从以上结果可以看出,FasterTokenizer 对比 ErnieTokenizer的性能提升非常明显。

同时,为了获得更好的推理部署体验,PaddleNLP 2.2版本将高性能文本处理FasterTokenizer内置到ERNIE模型内形成FasterERNIE模型。

下图是我们在Intel® Xeon® Gold 6271C CPU @ 2.60GHz 机器上使用16个线程,文本长度为128时,测试不同框架文本处理性能吞吐率。

FasterERNIE

我们以中文情感分类公开数据集ChnSentiCorp为示例数据集,展示FasterERNIE训练、预测、部署如何使用。

加载数据集和模型

FasterErnieForSequenceClassification是ERNIE用于微调文本分类的常用网络结构。

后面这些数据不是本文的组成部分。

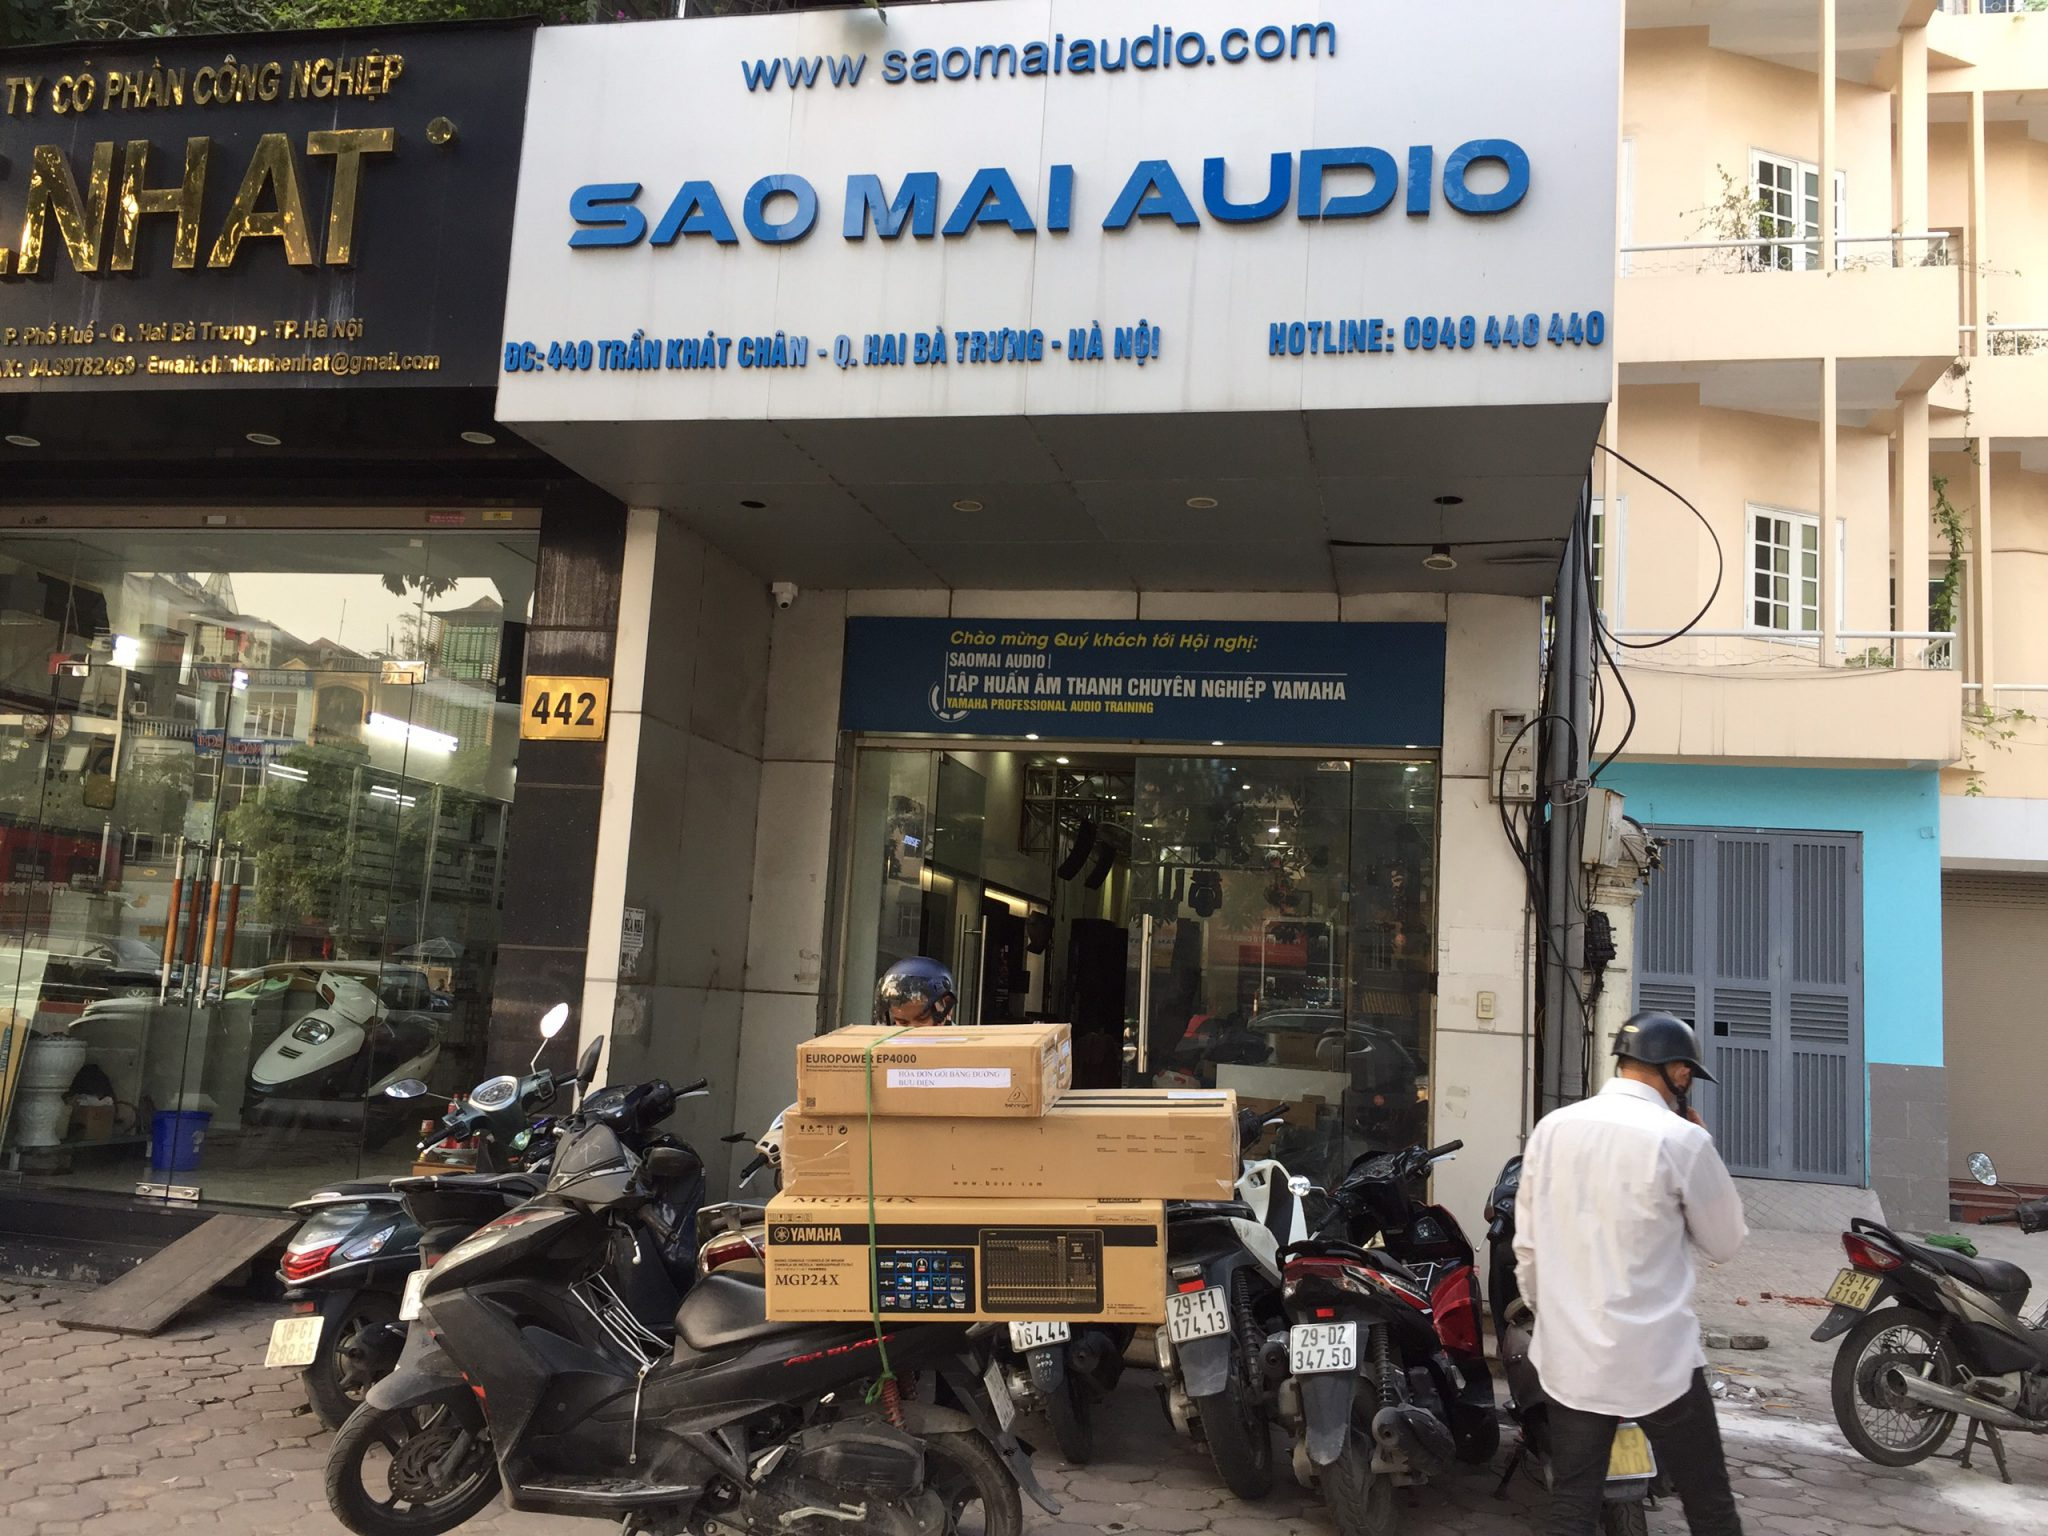 Saomai Audio - Lắp đặt âm thanh chính hãng số 1 Việt Nam

FasterErnieForSequenceClassification支持以下预训练模型:

支持模型FasterTokenizer API Usage
ERNIE, ChineseFasterErnieForSequenceClassification.from_pretrained("ernie-1.0")
ERNIE 2.0 Base, EnglishFasterErnieForSequenceClassification.from_pretrained("ernie-2.0-en")
ERNIE 2.0 Large, EnglishFasterErnieForSequenceClassification.from_pretrained("ernie-2.0-large-en")
import os

import paddle
import paddle.nn.functional as F
import paddlenlp as ppnlp
from paddlenlp.datasets import load_dataset
from paddlenlp.transformers import LinearDecayWithWarmup
from paddlenlp.experimental import FasterErnieForSequenceClassification, to_tensor


def create_dataloader(dataset, mode='train', batch_size=1):
    def trans_fn(example):
        return {
            # 文本
            "text": example["text"],
            # 标签
            "label": np.array(
                example["label"], dtype="int64")
        }

    dataset.map(trans_fn)
    shuffle = True if mode == 'train' else False
    if mode == 'train':
        batch_sampler = paddle.io.DistributedBatchSampler(
            dataset, batch_size=batch_size, shuffle=shuffle)
    else:
        batch_sampler = paddle.io.BatchSampler(
            dataset, batch_size=batch_size, shuffle=shuffle)

    return paddle.io.DataLoader(dataset=dataset, batch_sampler=batch_sampler)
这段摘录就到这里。